With ML, cybersecurity teams can automate the tedious process of monitoring emails. The ML algorithms focused on NLP can read through hundreds of emails within a few seconds. And, they are generally better at spotting phishing emails than their human counterparts.
The Data Science
Objective:
We need a ML algorithm that can read an email (HTML document). Then, figure out whether this is a legit email that should be delivered to the end user or discarded. In other words, we are dealing with a NLP problem.
Data Collection:
We will want to start off by training our model on a dataset of emails that have already been classified as:
0: Legit Email
1: Phishing Email
Most Cyber firms store all the emails in a SQL database. So, you’ll need to learn SQL to know how to pull data from there. Some firms also like to store the text data into a JSON file format. So, you’ll also need to know how to work with JSON data.
More information on what real data science looks like.
We will build a Neural Network that will analyze the following:
The actual text
The links themselves
Here are all the ways you can clean your text data:
Convert everything to all small letters
Remove encoded images
Remove excess whitespace (lstrip, rstrip, or .strip in Python)
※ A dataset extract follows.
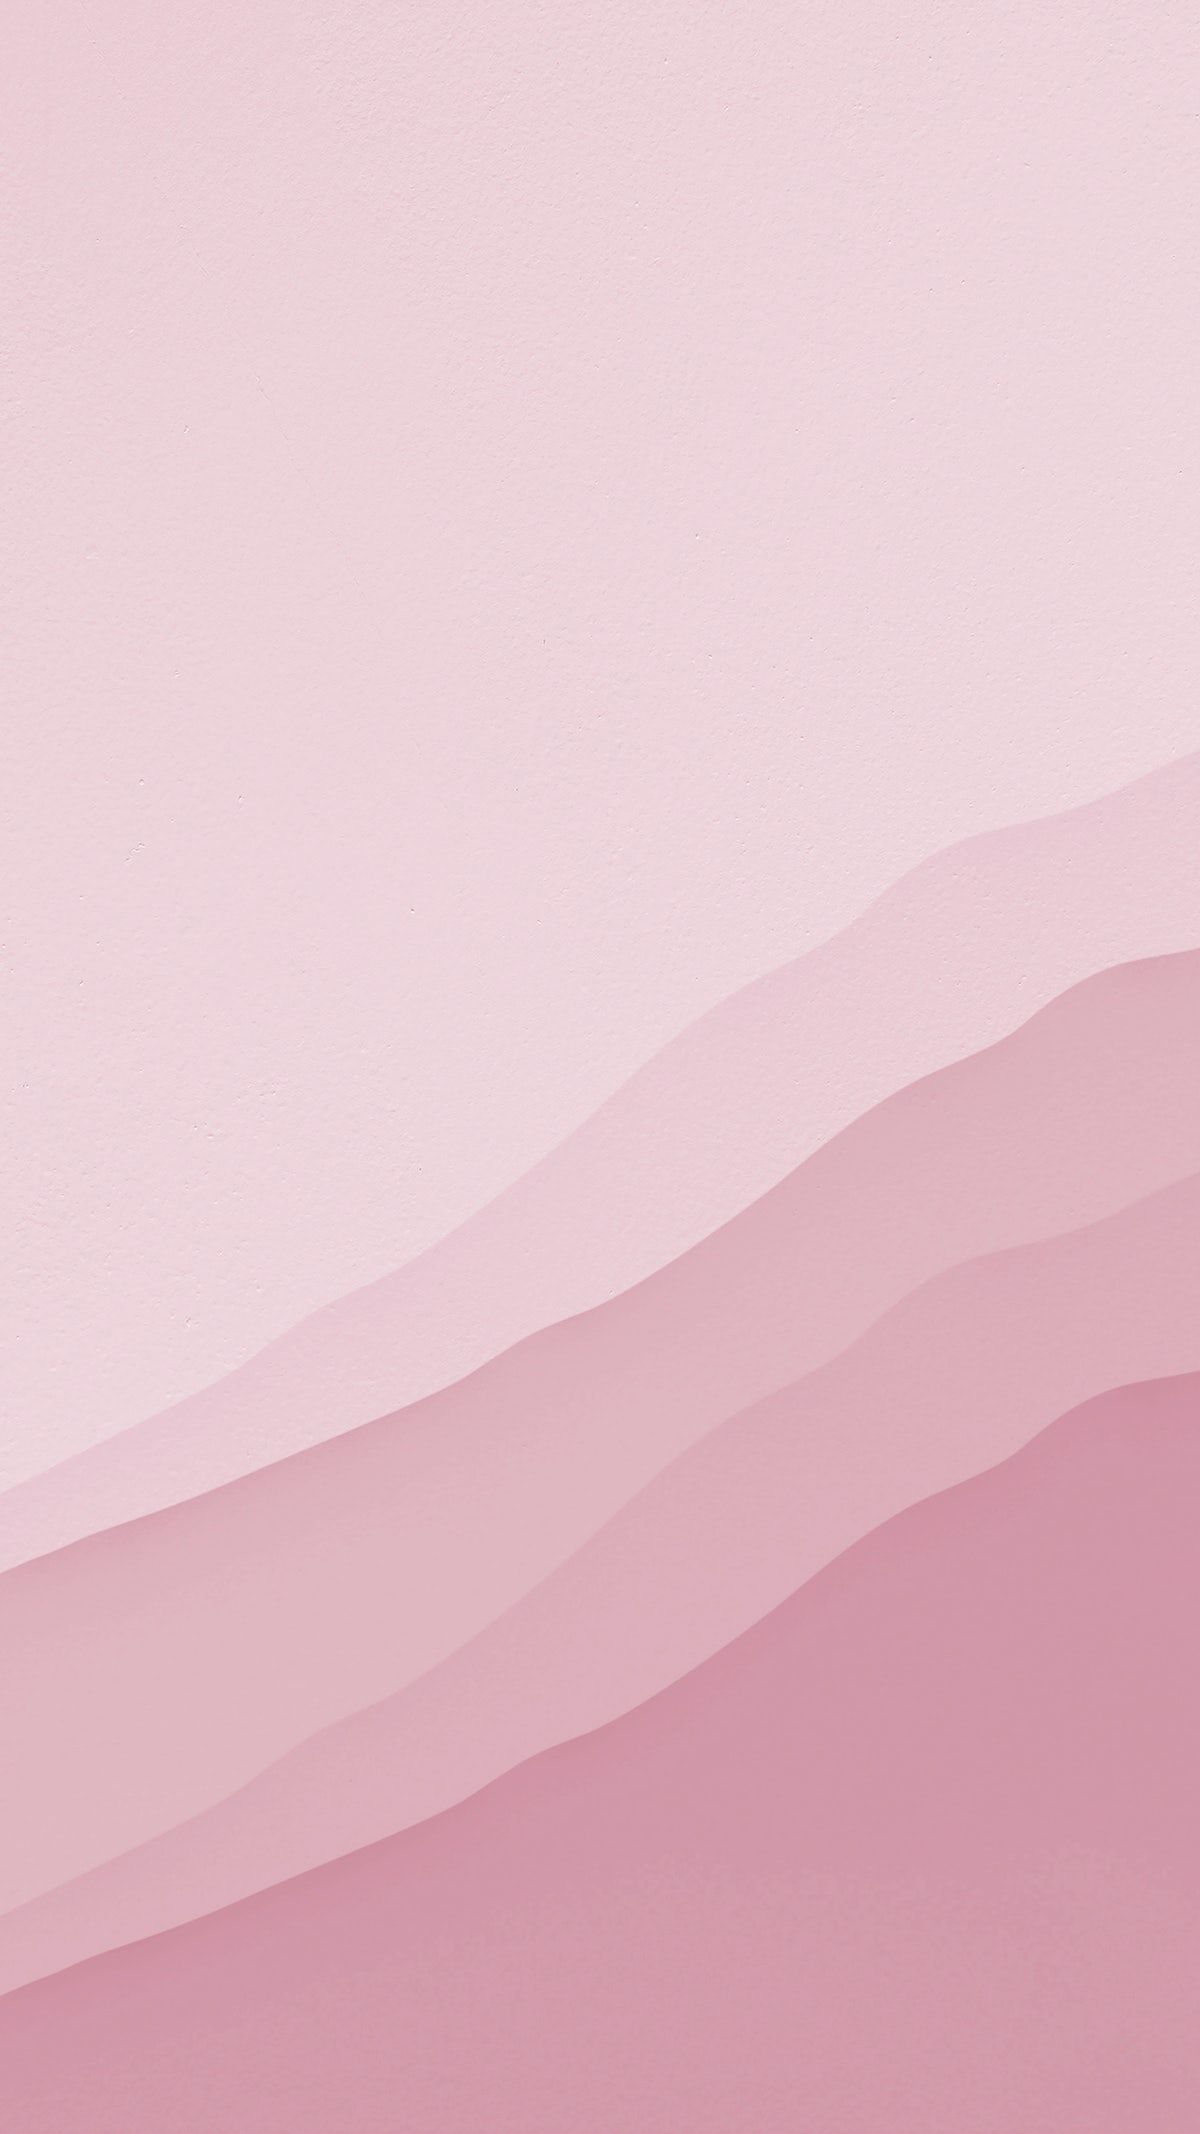 Download premium image of Abstract background light pink wallpaper image by Nunny about pink, abstract, abstract background, aesthetic, and android wallpaper 2620213
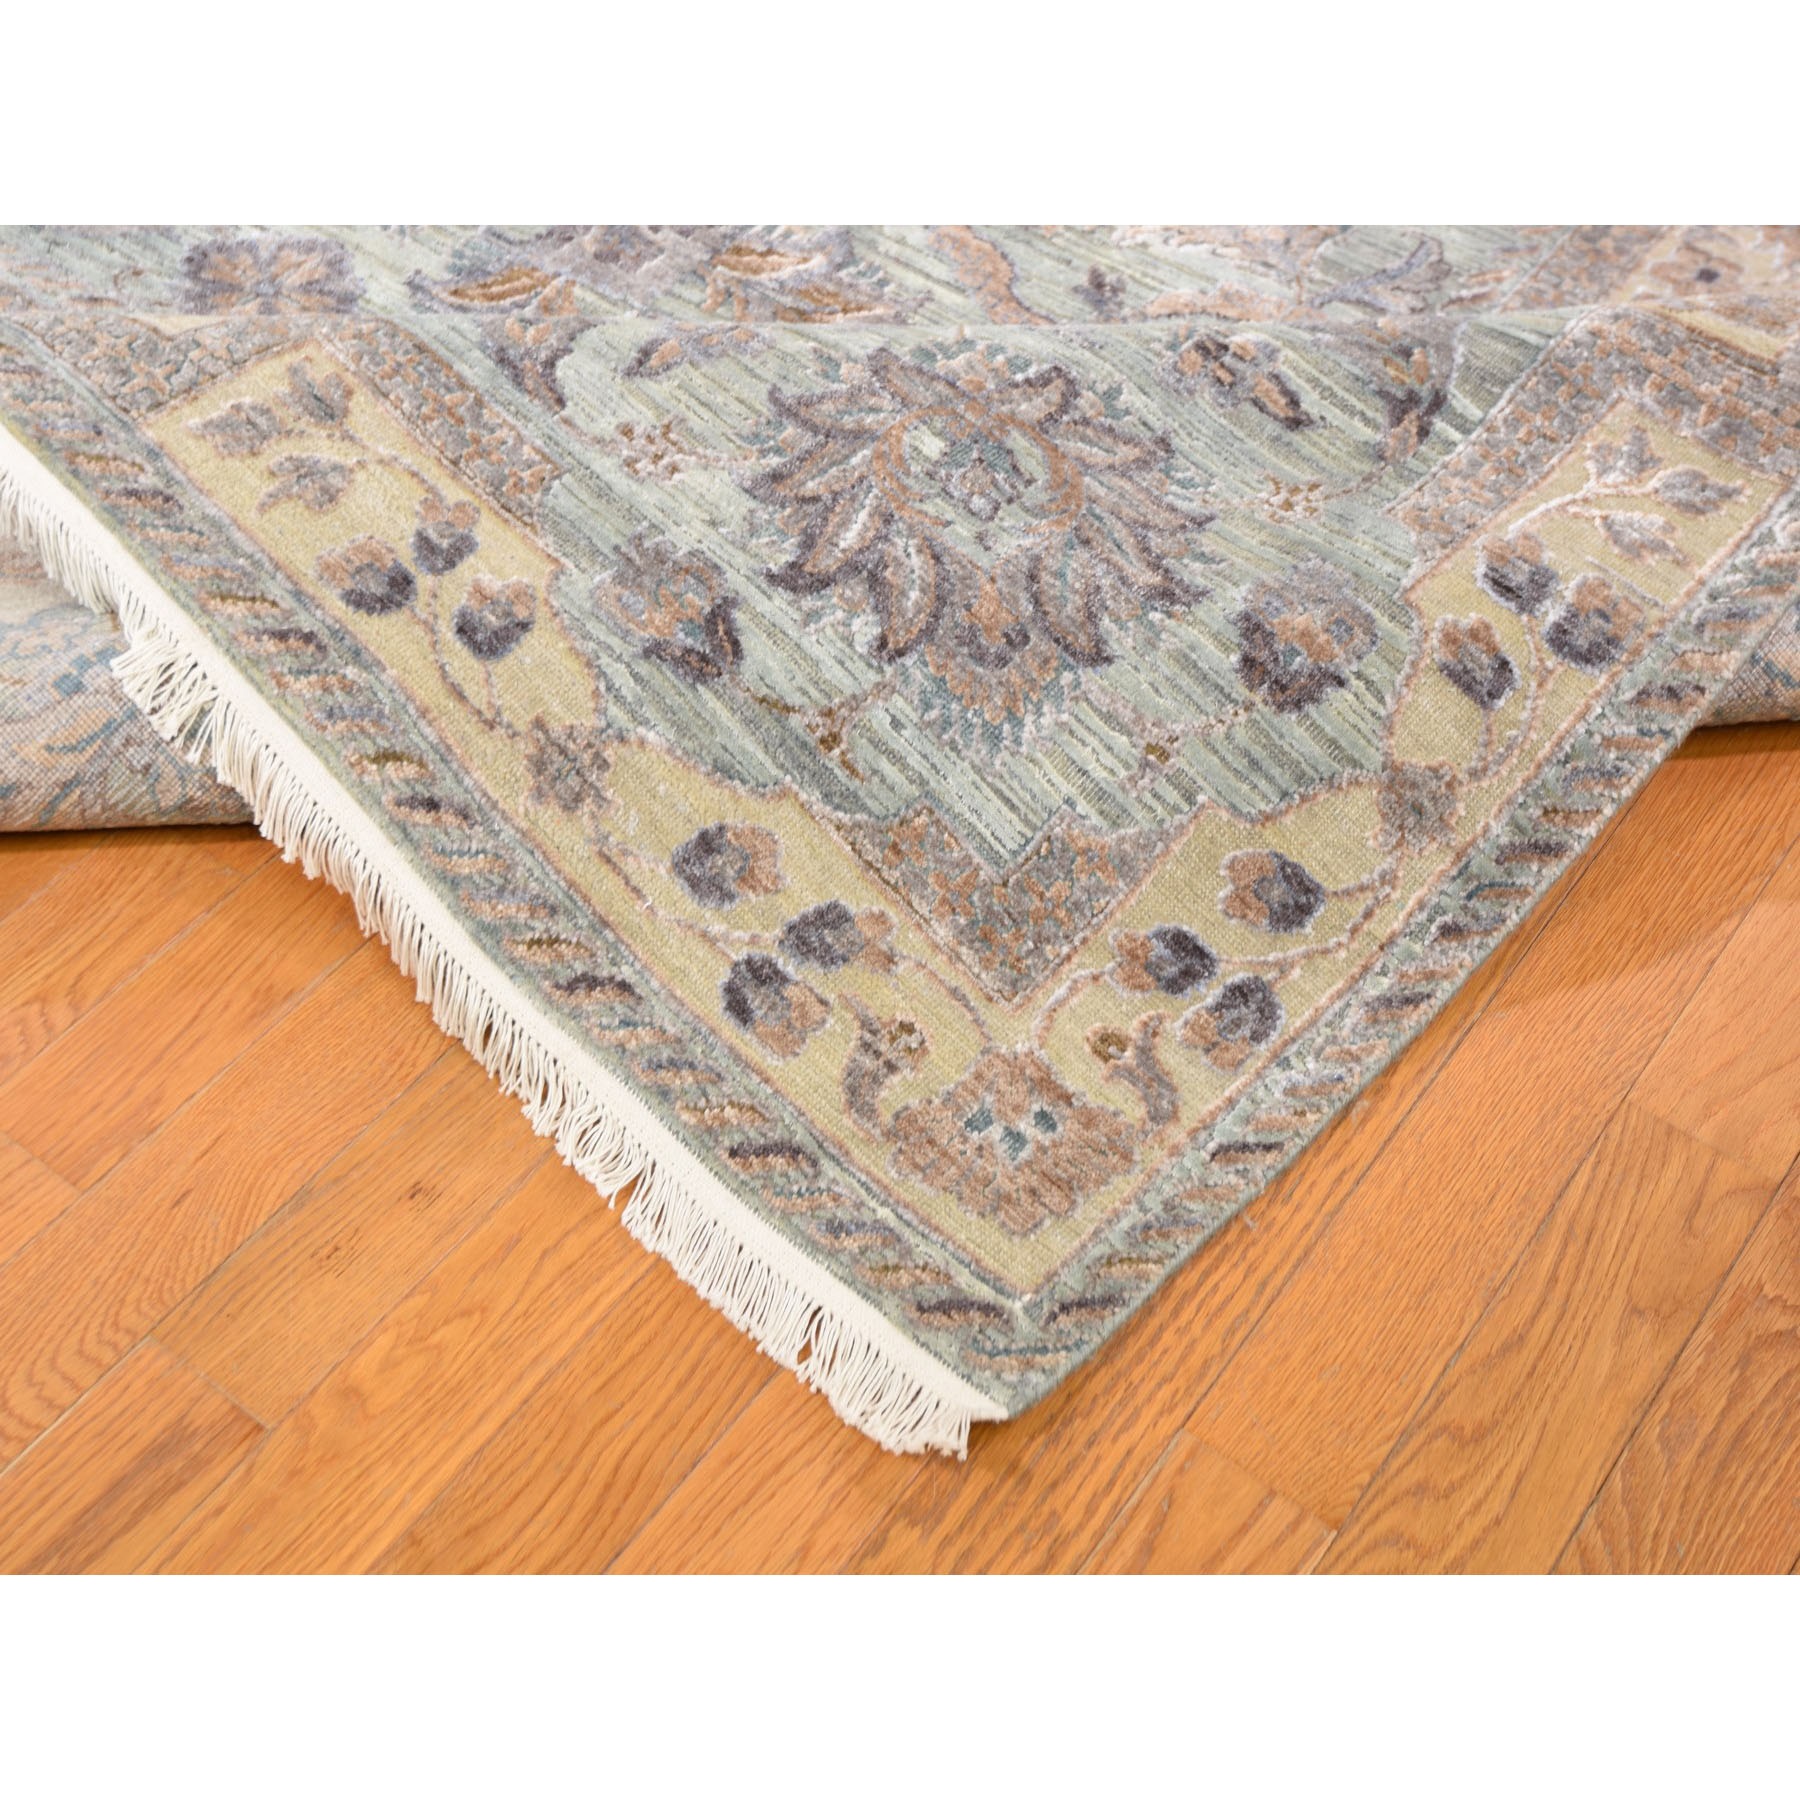 11-8 x15-3  Oversized Light Green Pure Silk With Textured Wool Mughal Design Hand Knotted Oriental Rug

Replace hyperlink (if exists) with the domain
You will also need to convert your text data into numerical data. You can achieve this by using word2vec.
Video below:
Data Modelling:
We will want to split our model into 3 layers:
Layer 1: Assess the quality of the links
Layer 2: Assess the text in the email
Layer 3: Assess the output from Layer 1 & 2, then make the final prediction
Many websites have a trust score. Layer 1 will be responsible for mapping the domain of the link, with it’s trust score to see the quality of the links. This information will then get passed on to another layer.
Here is an example of a trust score:
Layer 2 will be a Long Short Term Memory (LSTM) neural network. LSTMs have been proven to be great at analyze NLP data. The main concern we’ll have with is the architecture of the Neural Network itself.
Here is a good playlist on getting started with NLP and LSTMs:
Layer 3 just takes the output from layer 1, and 2, and just makes the finalized prediction on structured data.
Commentary from Cyber
You may or may not know this, but email is one of the most convoluted and archaic systems we use in our everyday lives. The layers of complexity and all the different systems we need in place to make email function would make your head spin.
From SMTP to IMAP to SPF to DKIM to DMARC and what email servers actually do on the receiving end with these is enough to make you want to burn your computer and start a farm.
But, if you have an email platform that allows for evaluating and categorizing malicious emails, this could be a great implementation for ML.
Anything that reduces company risk has an opportunity for Marketshare.